In [4]: ~(add.si(2, 2) | group(noop.s(), add.s(4) | add.s(8)) | xsum.s())
Out[4]: 20
# From here, things can go back to a normal chain
In [5]: ~(add.si(2, 2) | group(noop.s(), add.s(4) | add.s(8)) | xsum.s() | add.s(1) | add.s(1))
Out[5]: 22
我希望这是有用的!
我为每个链分配一个作业id,并通过将数据保存在数据库中来跟踪此作业。
启动队列
if __name__ == "__main__":
# Generate unique id for the job
job_id = uuid.uuid4().hex
# This is the root parent
parent_level = 1
# Pack the data. The last value is your value to add
parameters = job_id, parent_level, 2
# Build the chain. I added an clean task that removes the data
# created during the process (if you want it)
add_chain = add.s(parameters, 2) | add.s(4) | add.s(8)| clean.s()
add_chain.apply_async()
现在任务
#Function for store the result. I used sqlalchemy (mysql) but you can
# change it for whatever you want (distributed file system for example)
@inject.params(entity_manager=EntityManager)
def save_result(job_id, level, result, entity_manager):
r = Result()
r.job_id = job_id
r.level = level
r.result = result
entity_manager.add(r)
entity_manager.commit()
#Restore a result from one parent
@inject.params(entity_manager=EntityManager)
def get_result(job_id, level, entity_manager):
result = entity_manager.query(Result).filter_by(job_id=job_id, level=level).one()
return result.result
#Clear the data or do something with the final result
@inject.params(entity_manager=EntityManager)
def clear(job_id, entity_manager):
entity_manager.query(Result).filter_by(job_id=job_id).delete()
@app.task()
def add(parameters, number):
# Extract data from parameters list
job_id, level, other_number = parameters
#Load result from your second parent (level - 2)
#For level 3 parent level - 3 and so on
#second_parent_result = get_result(job_id, level - 2)
# do your stuff, I guess you want to add numbers
result = number + other_number
save_result(job_id, level, result)
#Return the result of the sum or anything you want, but you have to send something because the "add" function expects 3 values
#Of course your should return the actual job and increment the parent level
return job_id, level + 1, result
@app.task()
def clean(parameters):
job_id, level, result = parameters
#Do something with final result or not
#Clear the data
clear(job_id)
我使用entity_manager来管理数据库操作。
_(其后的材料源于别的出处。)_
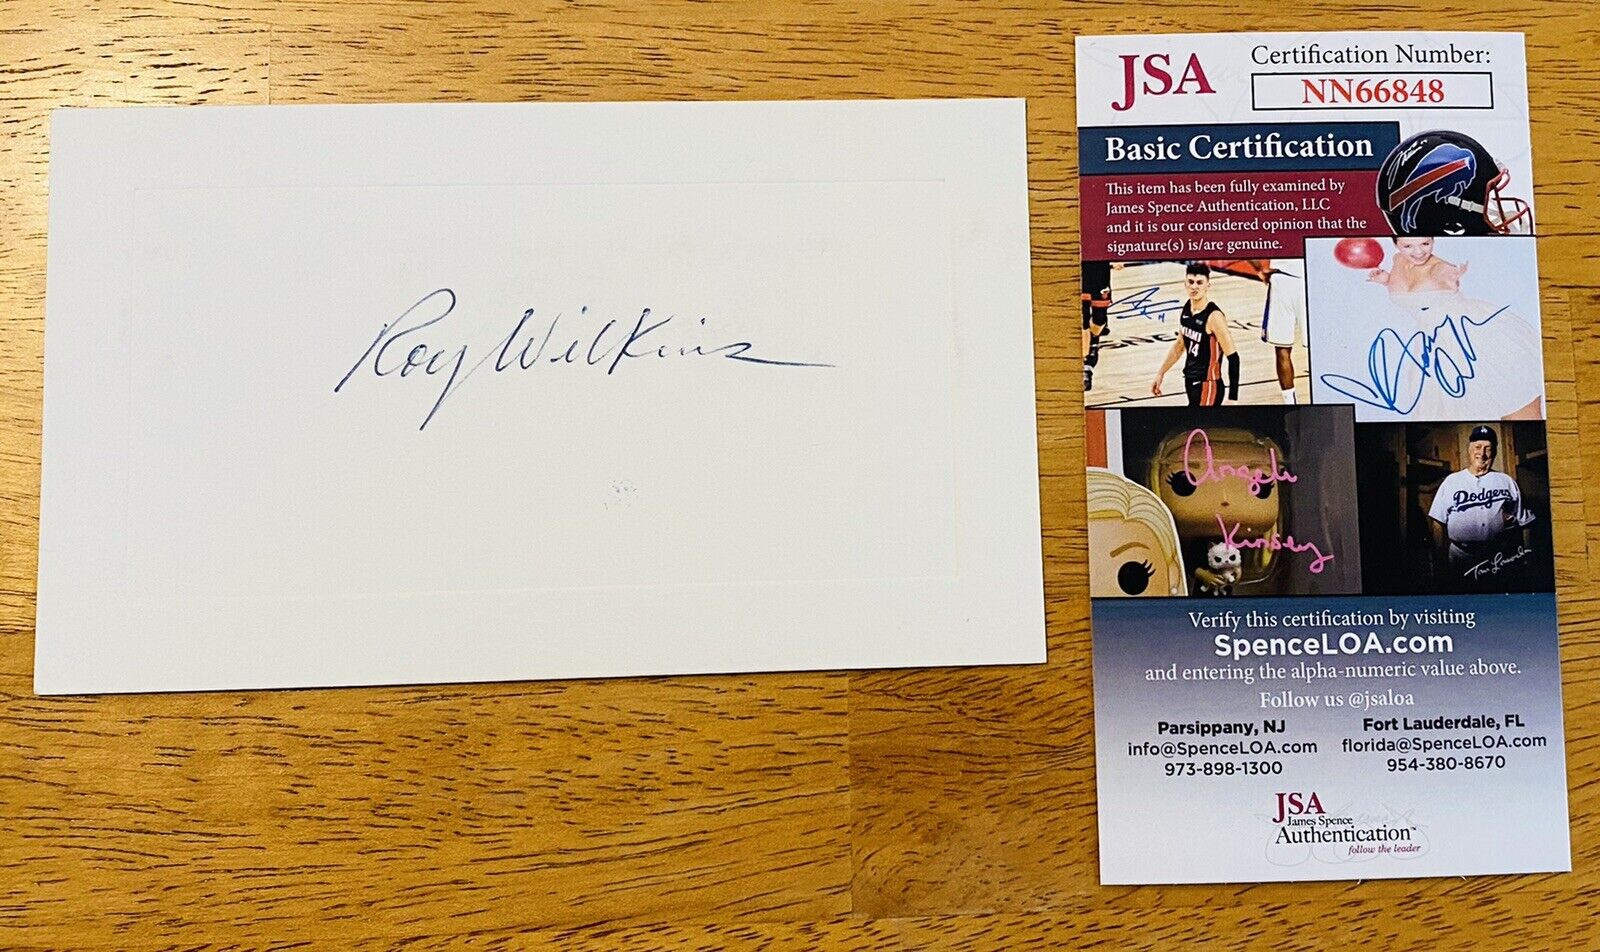 Roy Wilkins Signed Autographed 3.5 x 6 Card JSA Cert NAACP Civil Rights Leader
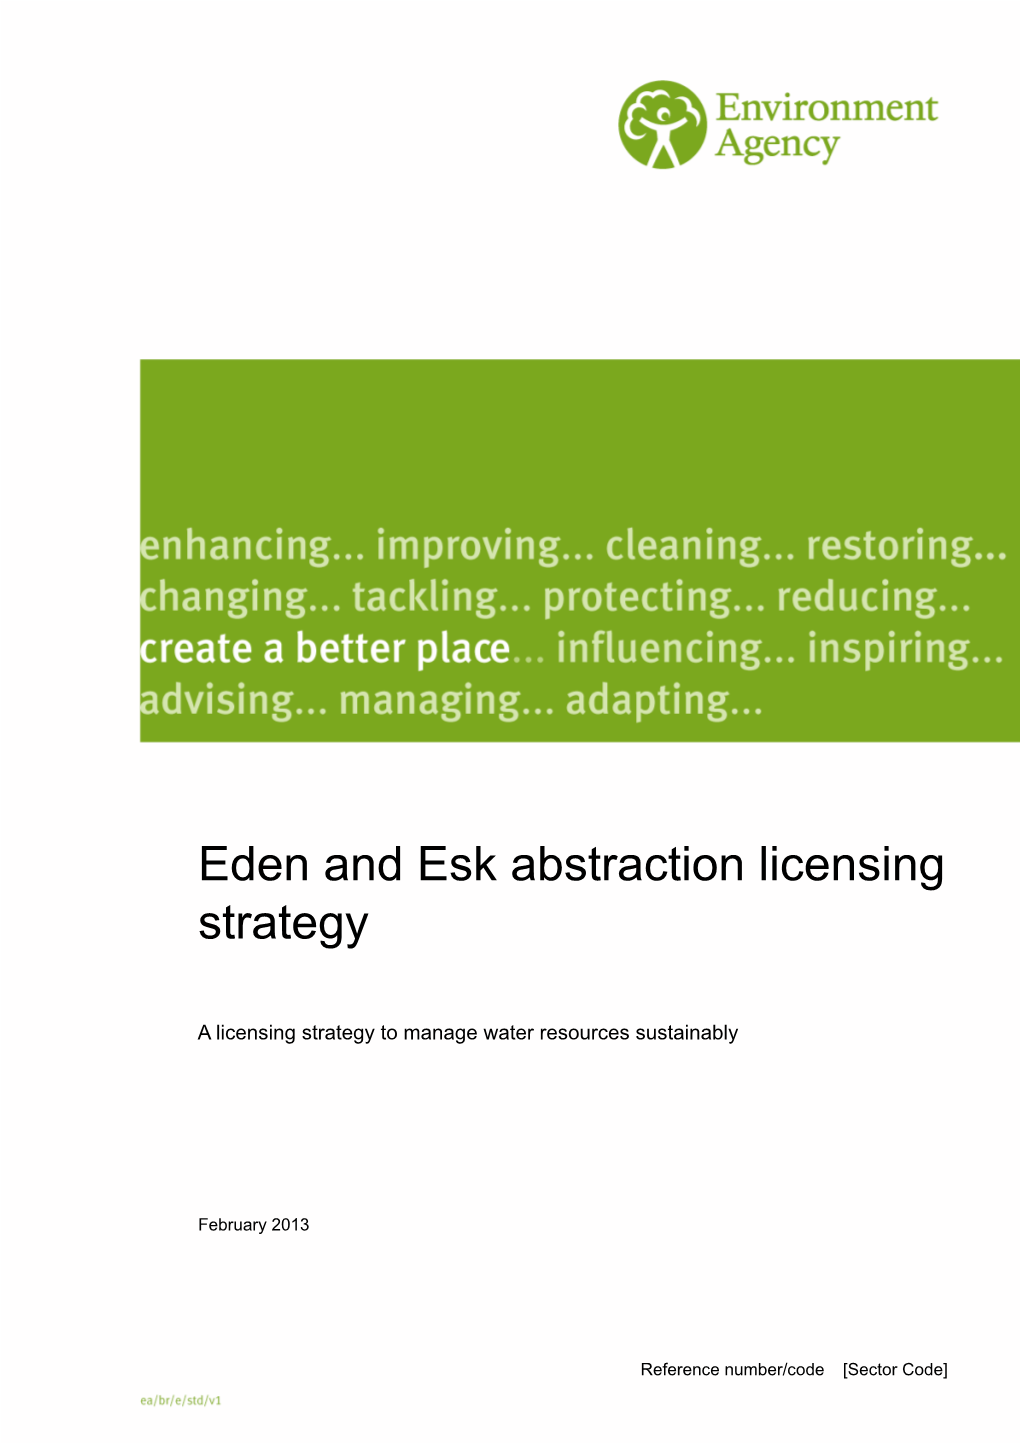 Eden and Esk Abstraction Licensing Strategy

我的实体管理器使用sql alchemy和mysql。我还使用了一个表"result"来存储部分结果。这一部分应该为您最好的存储系统进行更改(或者如果mysql适合您,则使用此部分)
from sqlalchemy.orm import sessionmaker
from sqlalchemy import create_engine
import inject
class EntityManager():
session = None
@inject.params(config=Configuration)
def __init__(self, config):
conf = config['persistence']
uri = conf['driver'] + "://" + conf['username'] + ":@" + conf['host'] + "/" + conf['database']
engine = create_engine(uri, echo=conf['debug'])
Session = sessionmaker(bind=engine)
self.session = Session()
def query(self, entity_type):
return self.session.query(entity_type)
def add(self, entity):
return self.session.add(entity)
def flush(self):
return self.session.flush()
def commit(self):
return self.session.commit()
class Configuration:
def __init__(self, params):
f = open(os.environ.get('PYTHONPATH') + '/conf/config.yml')
self.configMap = yaml.safe_load(f)
f.close()
def __getitem__(self, key: str):
return self.configMap[key]
class Result(Base):
__tablename__ = 'result'
id = Column(Integer, primary_key=True)
job_id = Column(String(255))
level = Column(Integer)
result = Column(Integer)
def __repr__(self):
return "<Result (job='%s', level='%s', result='%s')>" % (self.job_id, str(self.level), str(self.result))
我使用包注入来获得依赖项注入器。inject包将重用对象,这样您就可以随时注入对数据库的访问,而无需担心连接问题。
类配置是在配置文件中加载数据库访问数据。您可以替换它并使用静态数据(硬编码的映射)进行测试。
更改任何其他适合您的依赖项注入。这只是我的解决方案。我添加它只是为了快速测试。
这里的关键是将部分结果保存在队列系统中的某个位置,并在任务中返回用于访问这些结果的数据(job_id和父级)。您将发送这个额外的(但很小的)数据,它是一个指向真实数据(一些大数据)的地址(job_id+父级)。
这个解决方案是我在软件中使用的东西
一个简单的解决方法是将任务的结果存储在列表中,并在任务中使用它们。
from celery import Celery, chain
from celery.signals import task_success
results = []
app = Celery('tasks', backend='amqp', broker='amqp://')
@task_success.connect()
def store_result(**kwargs):
sender = kwargs.pop('sender')
result = kwargs.pop('result')
results.append((sender.name, result))
@app.task
def add(x, y):
print("previous results", results)
return x + y
现在,在您的链中,可以从任何任务以任何顺序访问以前的所有结果。